Por Por Jailan Zayan - 2 jun 2012, 10h07

Hosni Mubarak, de 84 anos, que neste sábado foi condenado à prisão perpétua pela mortífera repressão de manifestantes, presidiu o Egito durante três décadas até deixar o poder em fevereiro de 2011, após 18 dias de mobilizações sem precedentes da oposição.

Suas imagens, nas quais estava visivelmente rejuvenescido, foram retiradas dos edifícios oficiais, e os vendedores de lembranças da Praça Tahrir, epicentro dos protestos na capital egípcia, hoje vendem caricaturas de um ex-presidente com a expressão perplexa.

O homem que governou com mão de ferro o país mais populoso do mundo árabe, antes de participar de seu próprio julgamento de maca, evitou a pena de morte pedida pela promotoria.

O regime de Mubarak foi marcado por sua obstinada oposição a uma abertura do sistema, invocando o risco de uma desestabilização catastrófica de seu país.

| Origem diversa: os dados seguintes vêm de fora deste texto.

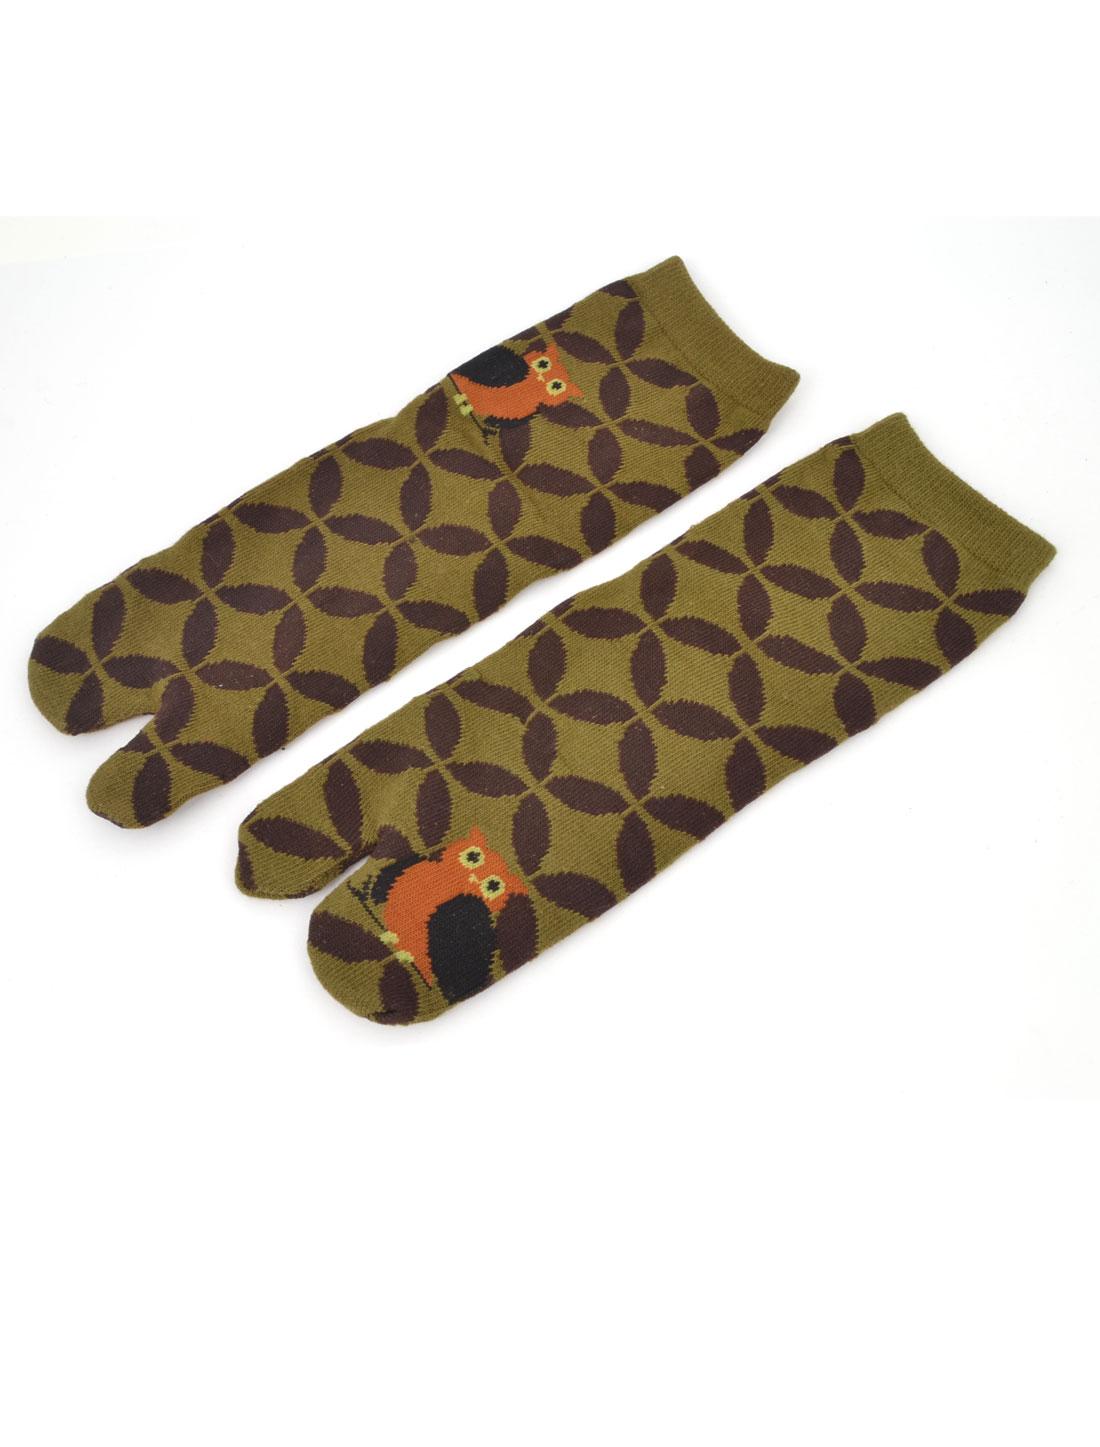 Pair Flower Pattern Sportive Two Toe Socks Brown Dark Khaki

Poucos se atreviam a apostar na permanência no poder deste homem sem grande carisma que em 1981 sucedeu Anwar al-Sadat, assassinado por islamitas.

No entanto, Mubarak, ex-comandante da Força Aérea, conseguiu manter a estabilidade do Egito e a de seu poder, agarrando-se a um sistema acusado de asfixiar a vida política.

Também se opôs de forma ferrenha ao islamismo radical inspirado na Al-Qaeda, embora não tenha conseguido impedir o fortalecimento de um islã tradicionalista inspirado pelo influente movimento da Irmandade Muçulmana.

Com sua silhueta maciça, seus cabelos sempre pretos, apesar da idade, e seu olhar muitas vezes oculto pelos óculos de sol, se converteu com o passar dos anos em uma figura familiar nas reuniões internacionais e impôs o Egito como um pilar de moderação dentro do mundo árabe.

Pragmático, manteve contra todas as probabilidades o posto de seu país no campo pró-americano e preservou os acordos de paz com Israel de 1979, que custaram a vida de seu antecessor.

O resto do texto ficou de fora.